- Venue: London, United Kingdom
- Date: 18 April 1999

Champions
- Men: Abdelkader El Mouaziz (2:07:57)
- Women: Joyce Chepchumba (2:23:22)
- Wheelchair men: Heinz Frei (1:35:27)
- Wheelchair women: Monica Wetterström (1:57:38)

= 1999 London Marathon =

19th London Marathon

The 1999 London Marathon was the 19th running of the annual marathon race in London, United Kingdom, which took place on Sunday, 18 April.

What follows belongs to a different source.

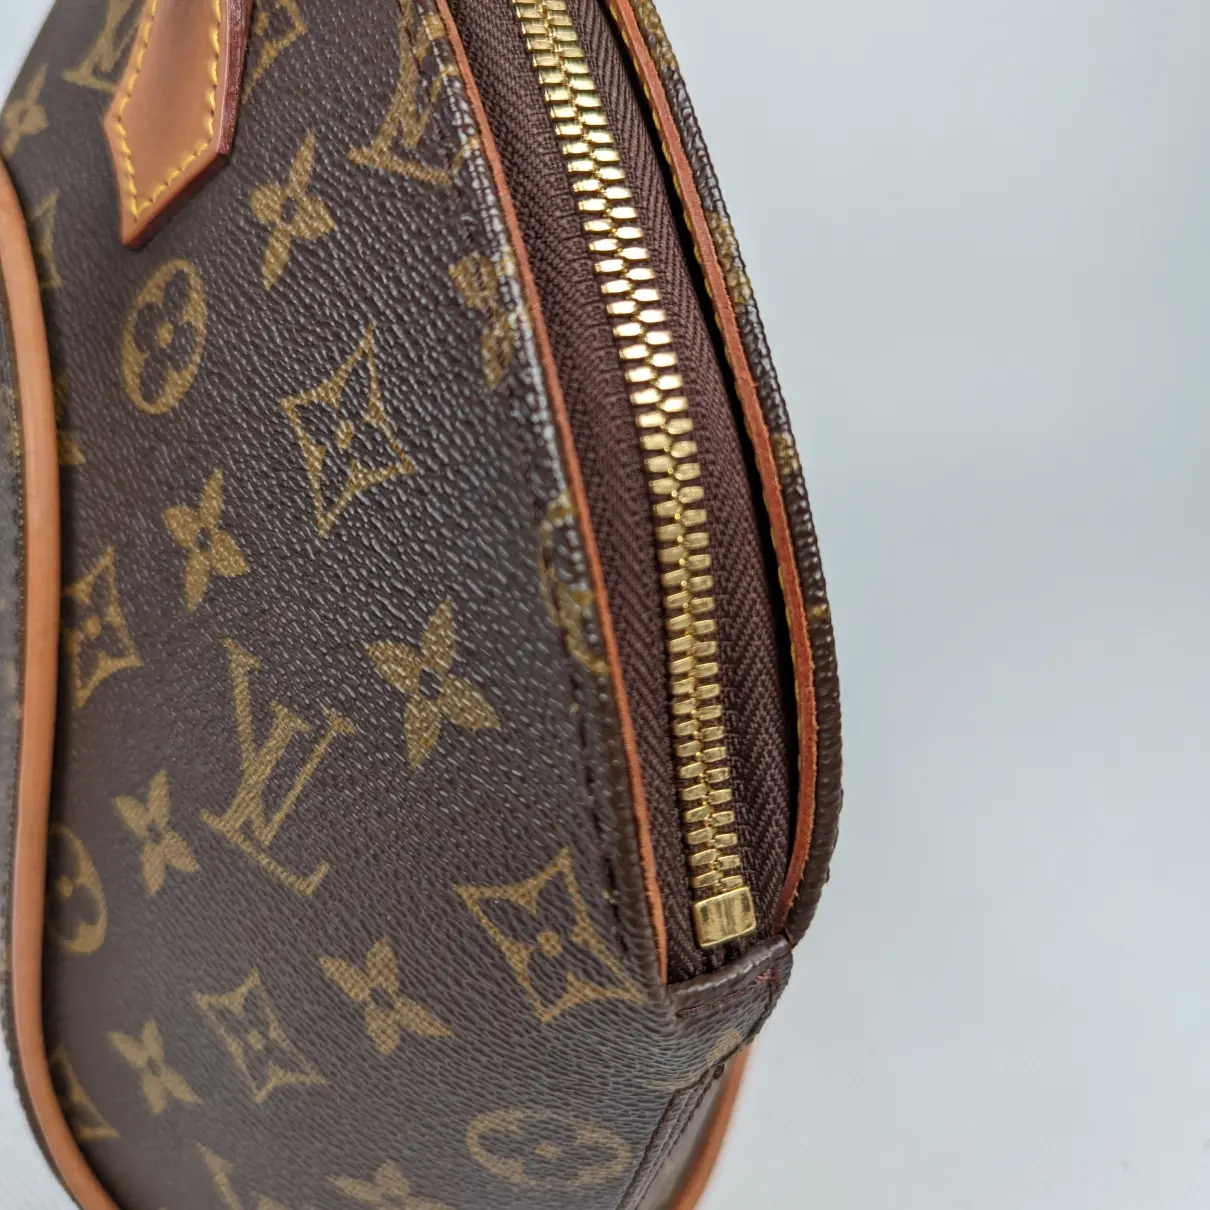 Ellipse leather handbag Louis Vuitton
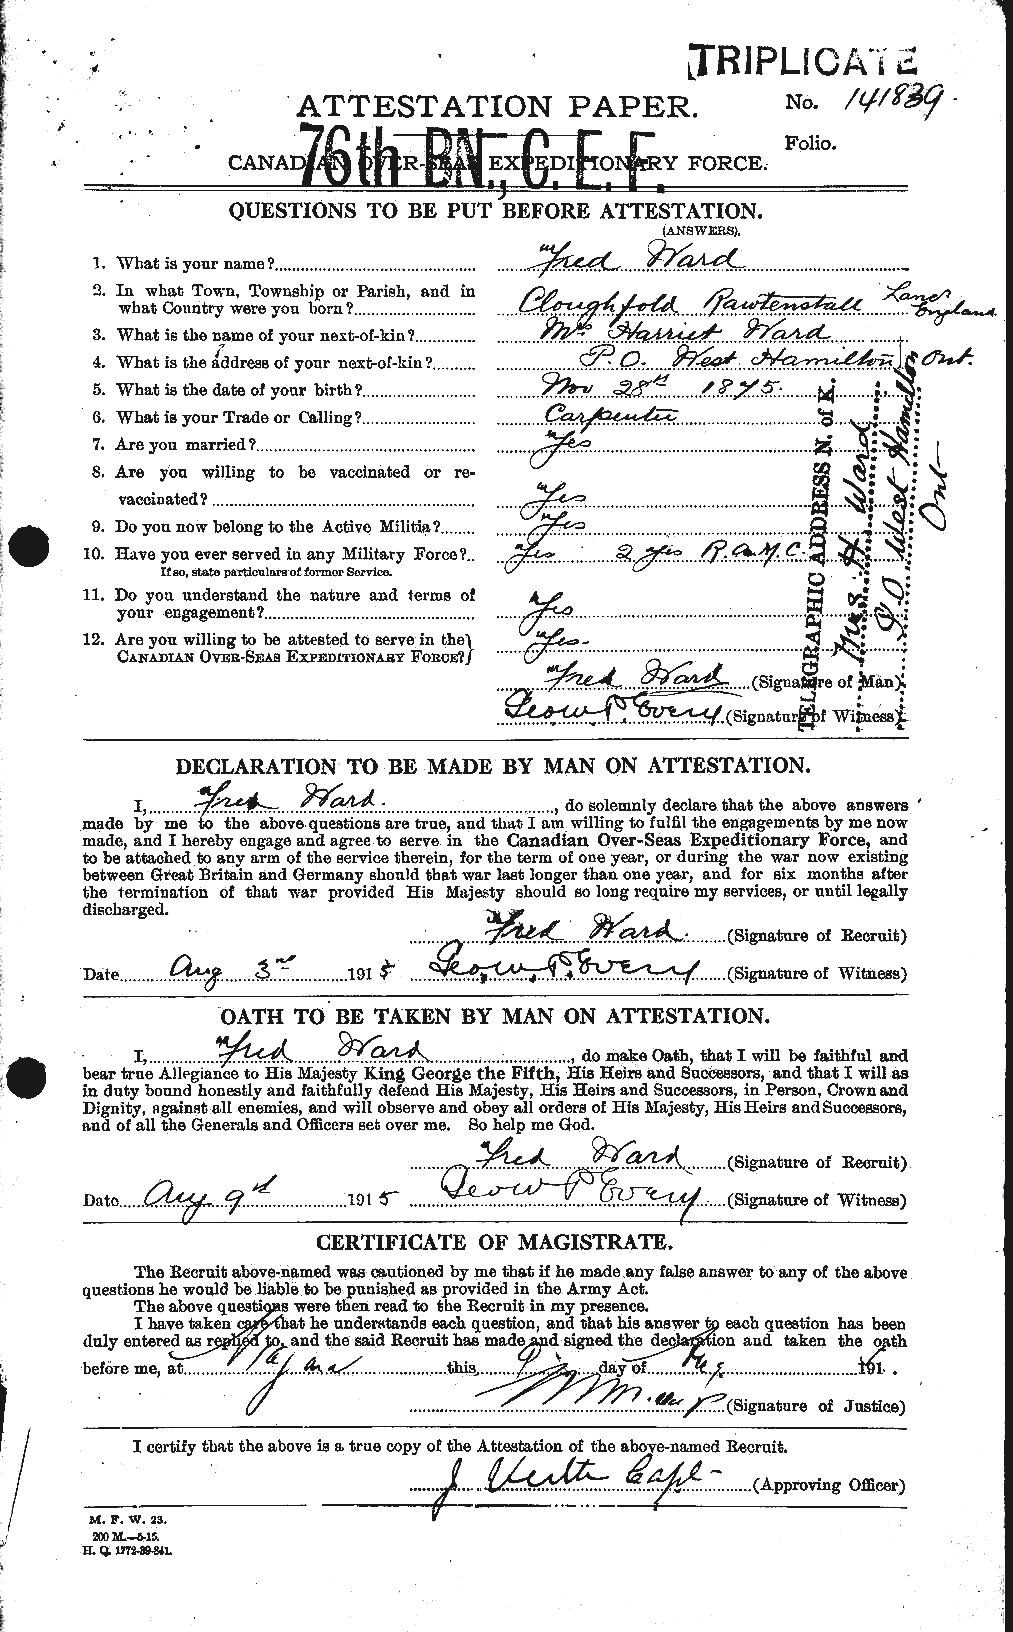 Dossiers du Personnel de la Première Guerre mondiale - CEC 657702a

The elite men's race was won by Morocco's Abdelkader El Mouaziz in a time of 2:07:57 hours and the women's race was won by Kenya's Joyce Chepchumba in 2:23:22.

In the wheelchair races, Switzerland's Heinz Frei (1:35:27) and Sweden's Monica Wetterström (1:57:38) won the men's and women's divisions, respectively.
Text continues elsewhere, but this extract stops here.